What is required:
Skip the pictures. Retype exactly, and only, the lines between the line holding "Фейерверк в честь открытия Олимпиады." and the last line below, inclusive.

Given entries:
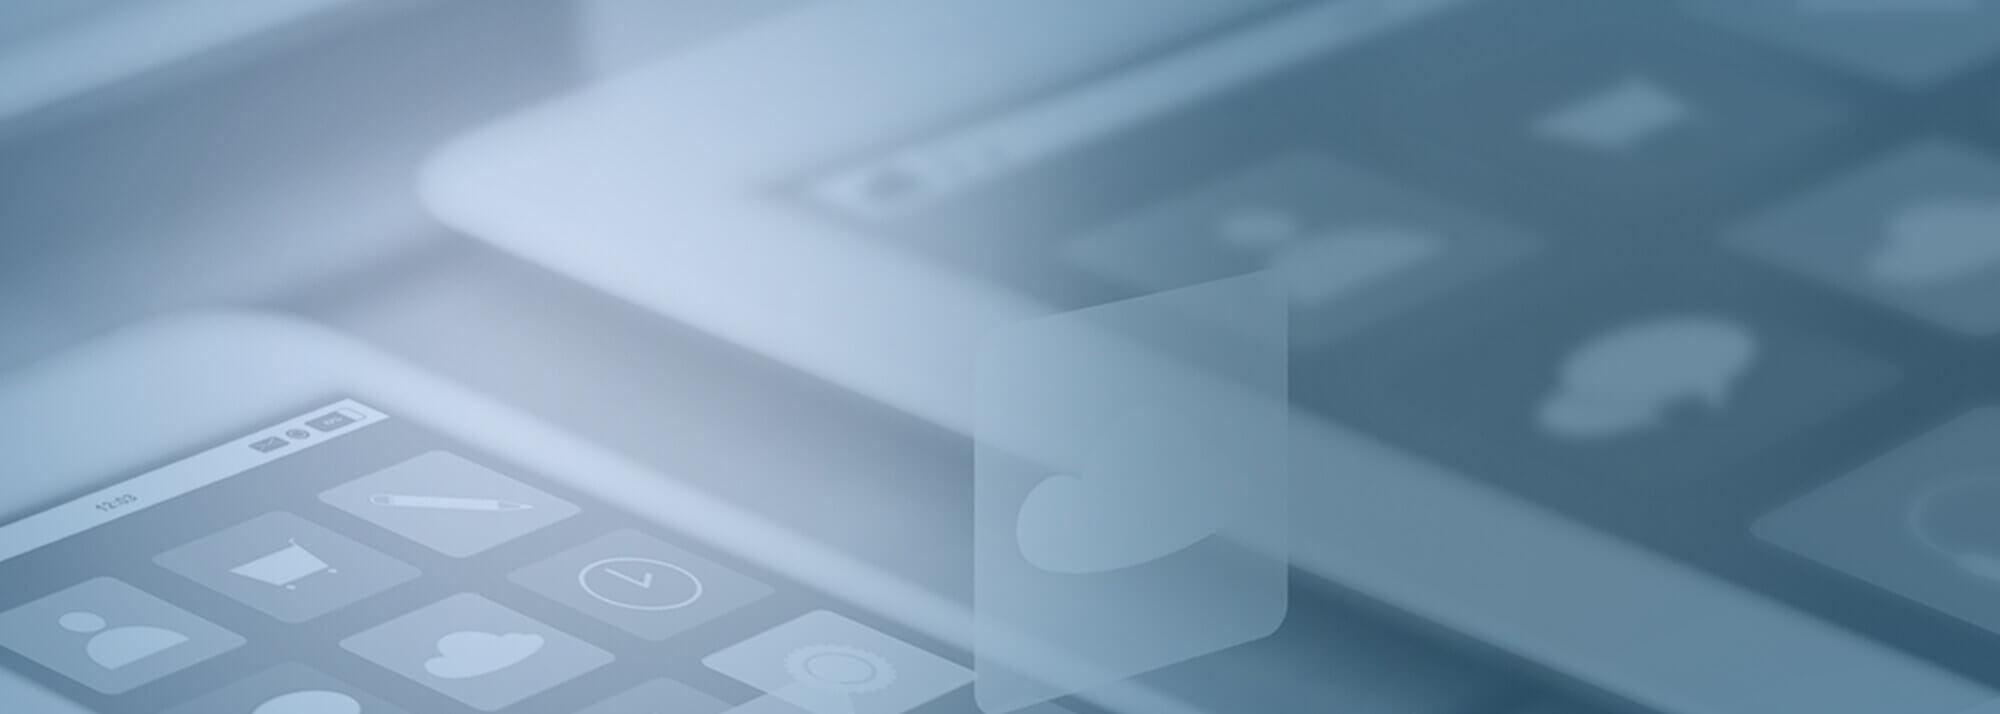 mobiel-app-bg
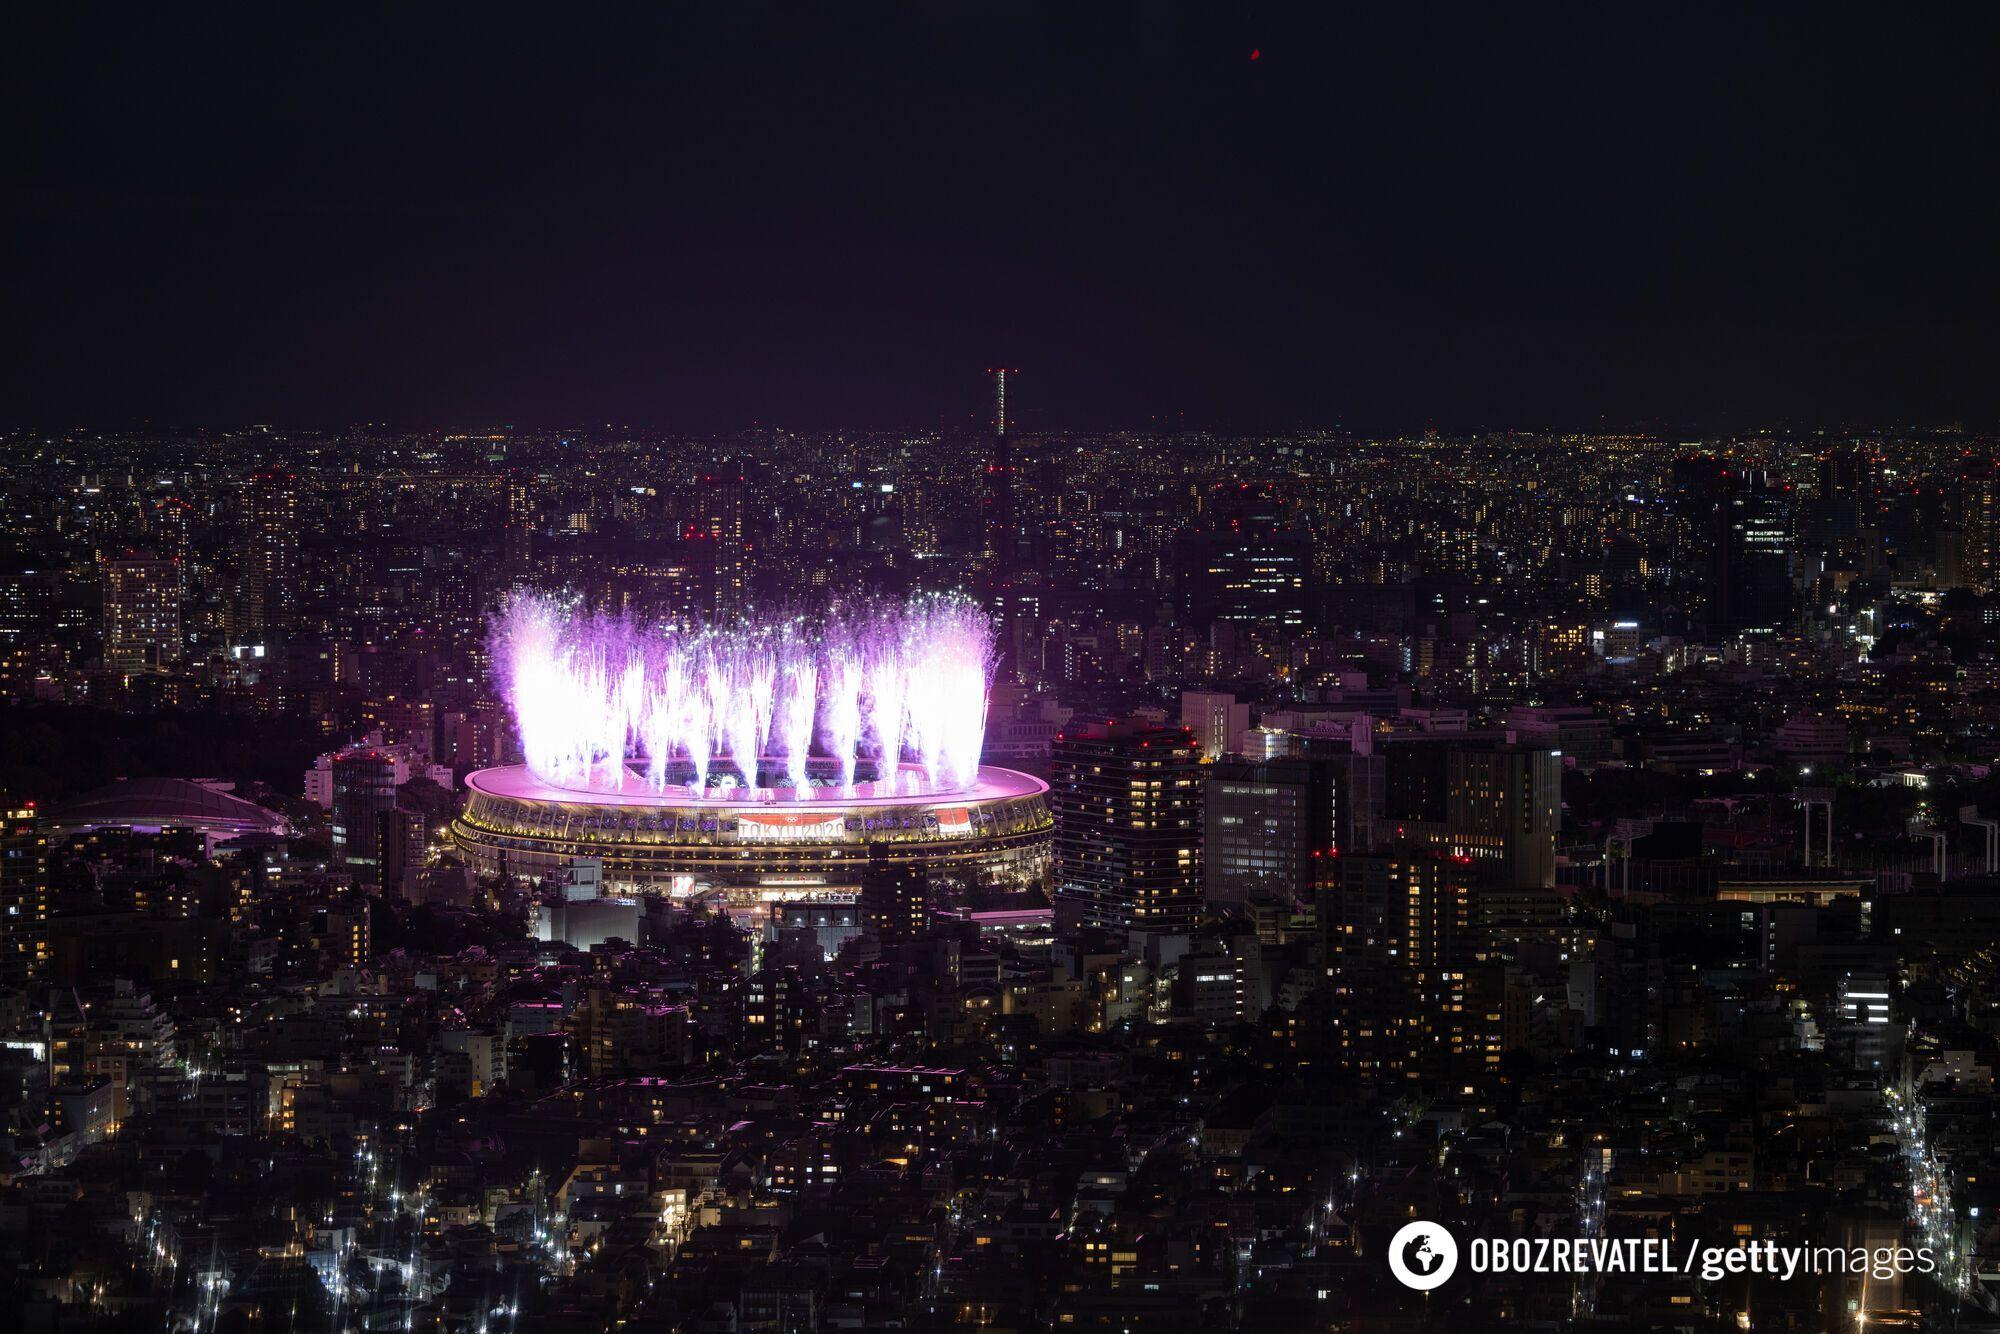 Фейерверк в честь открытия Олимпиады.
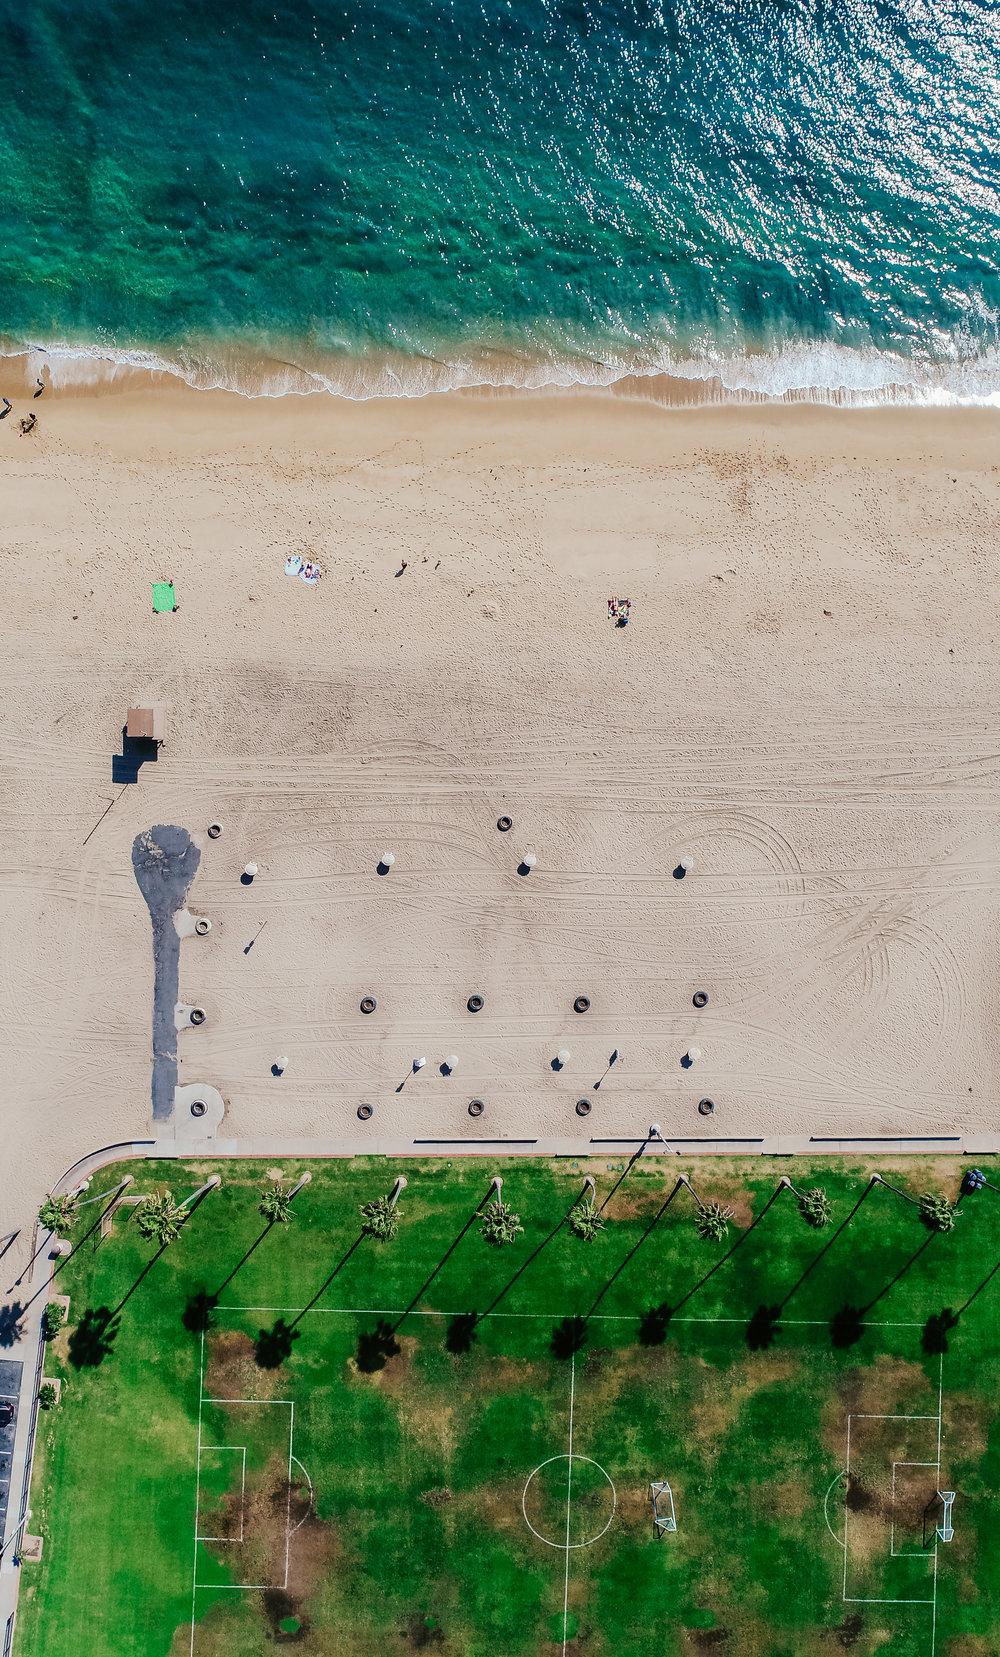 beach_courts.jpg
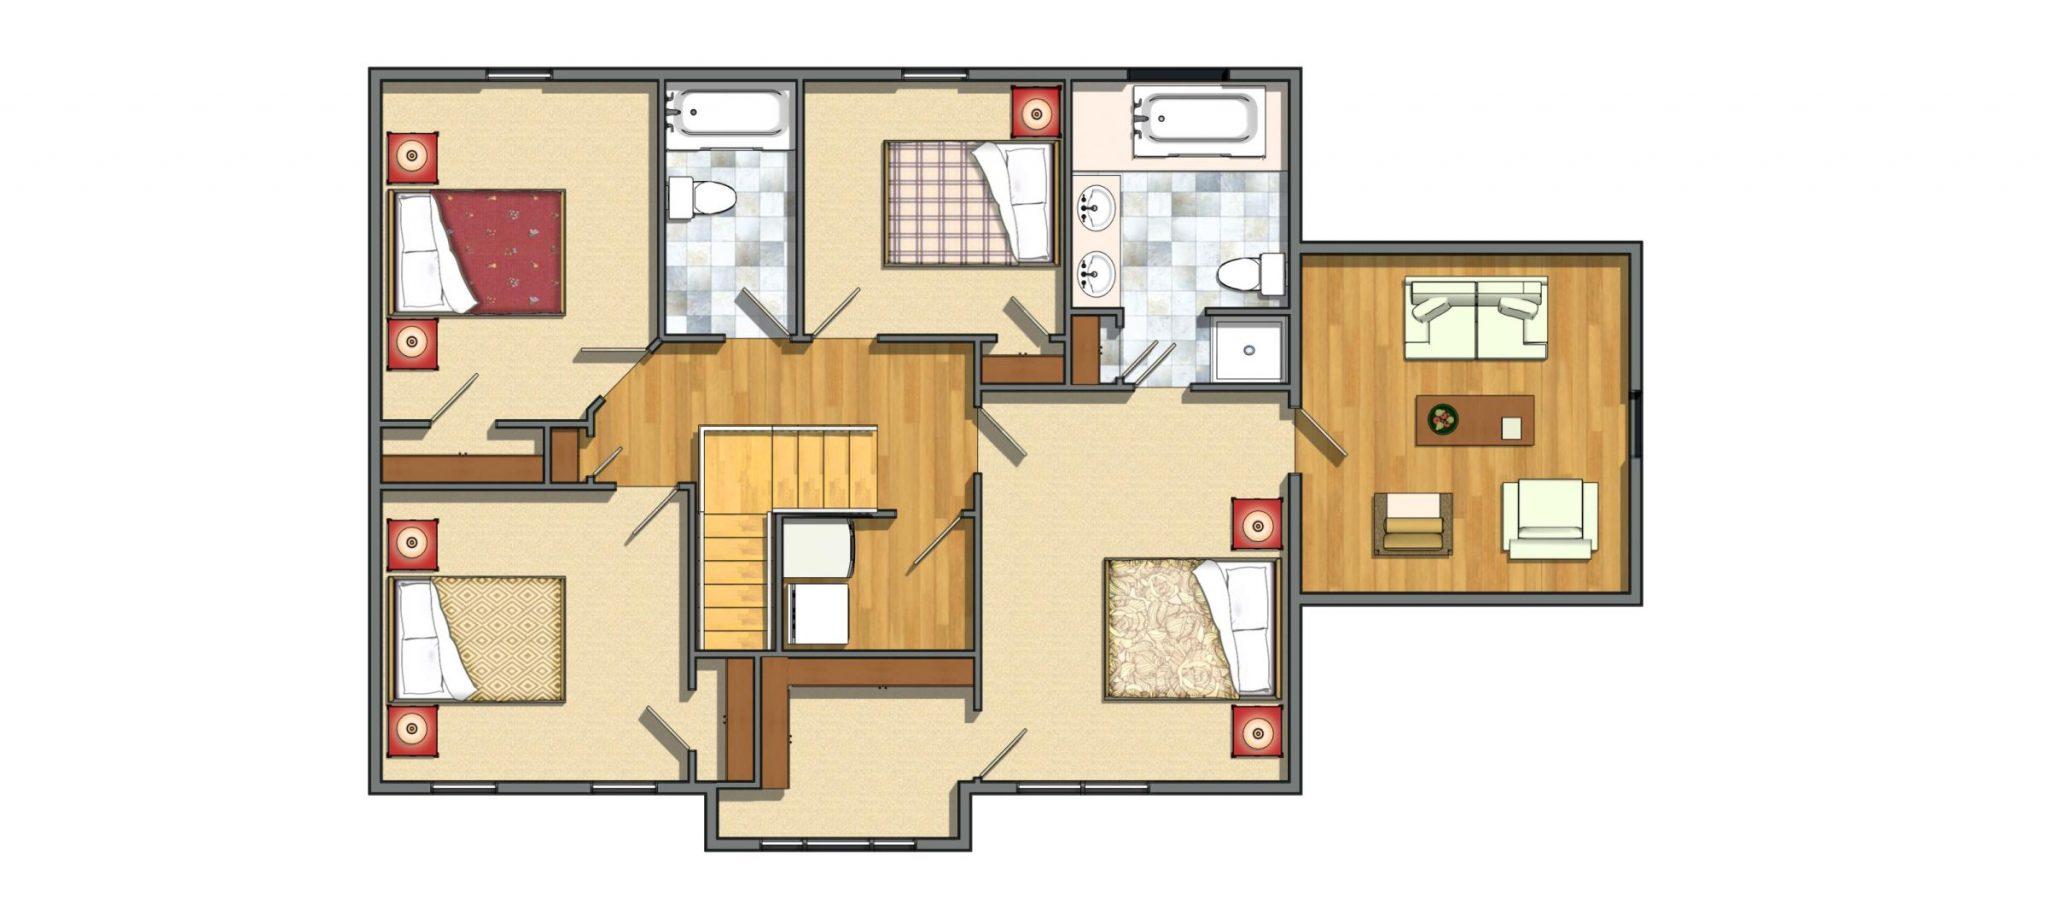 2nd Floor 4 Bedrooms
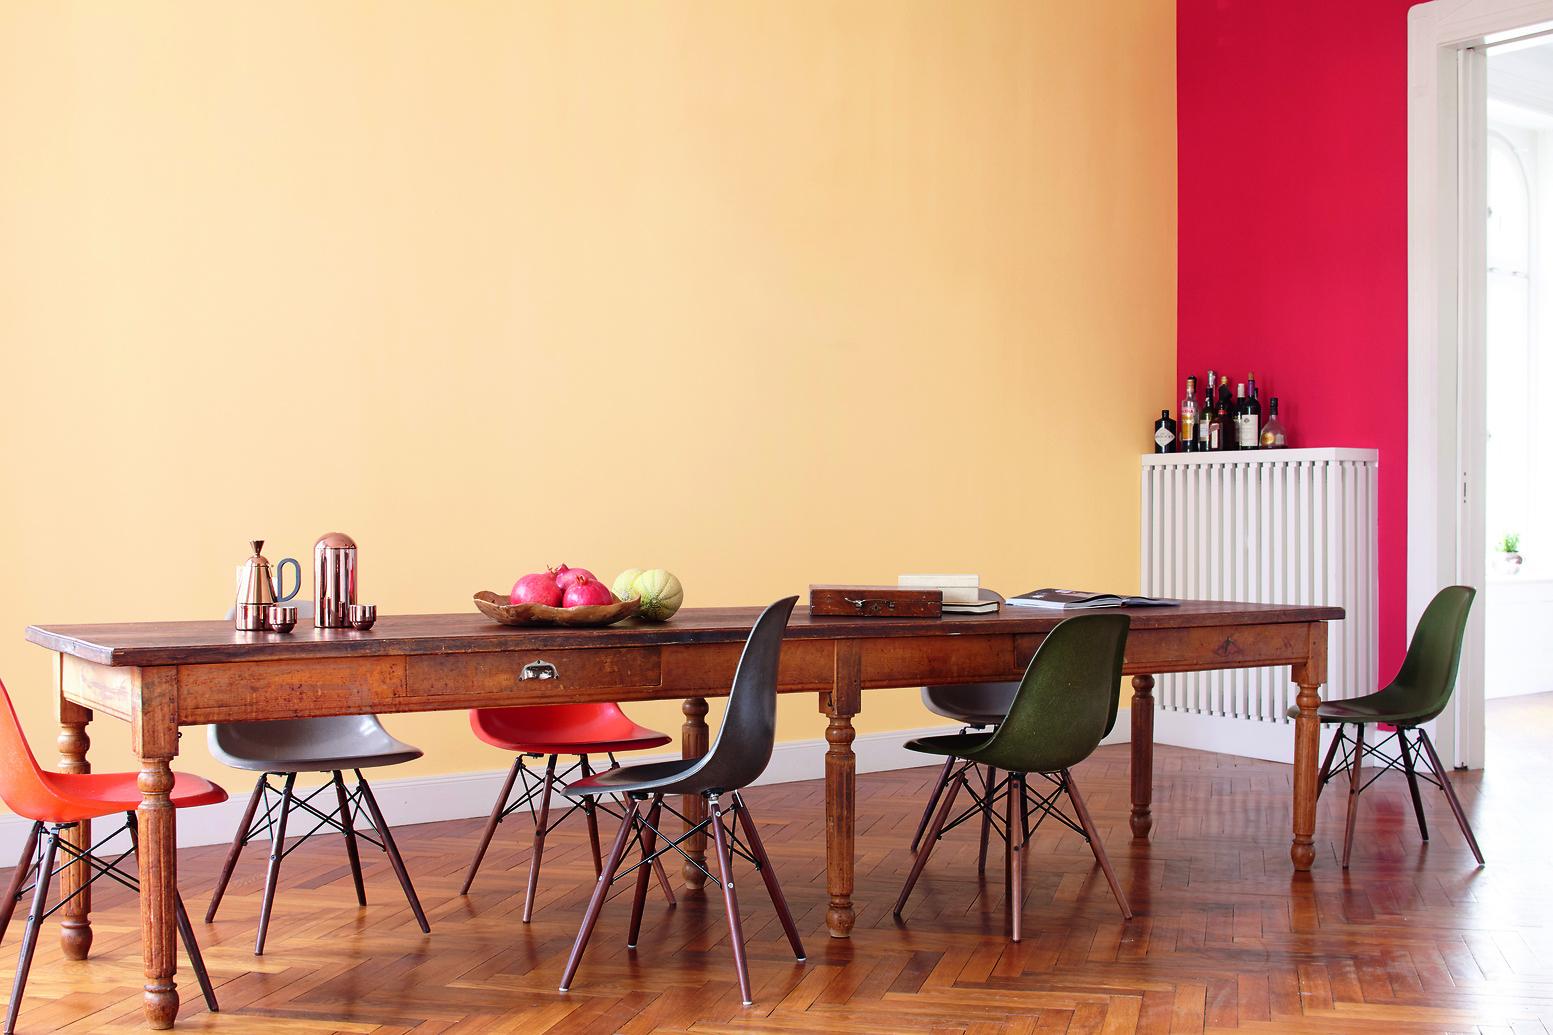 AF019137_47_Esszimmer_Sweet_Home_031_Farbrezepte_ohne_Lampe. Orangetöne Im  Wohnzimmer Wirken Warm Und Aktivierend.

Solved problem:
 Фейерверк в честь открытия Олимпиады.
 beach_courts.jpg
 2nd Floor 4 Bedrooms
 AF019137_47_Esszimmer_Sweet_Home_031_Farbrezepte_ohne_Lampe. Orangetöne Im  Wohnzimmer Wirken Warm Und Aktivierend.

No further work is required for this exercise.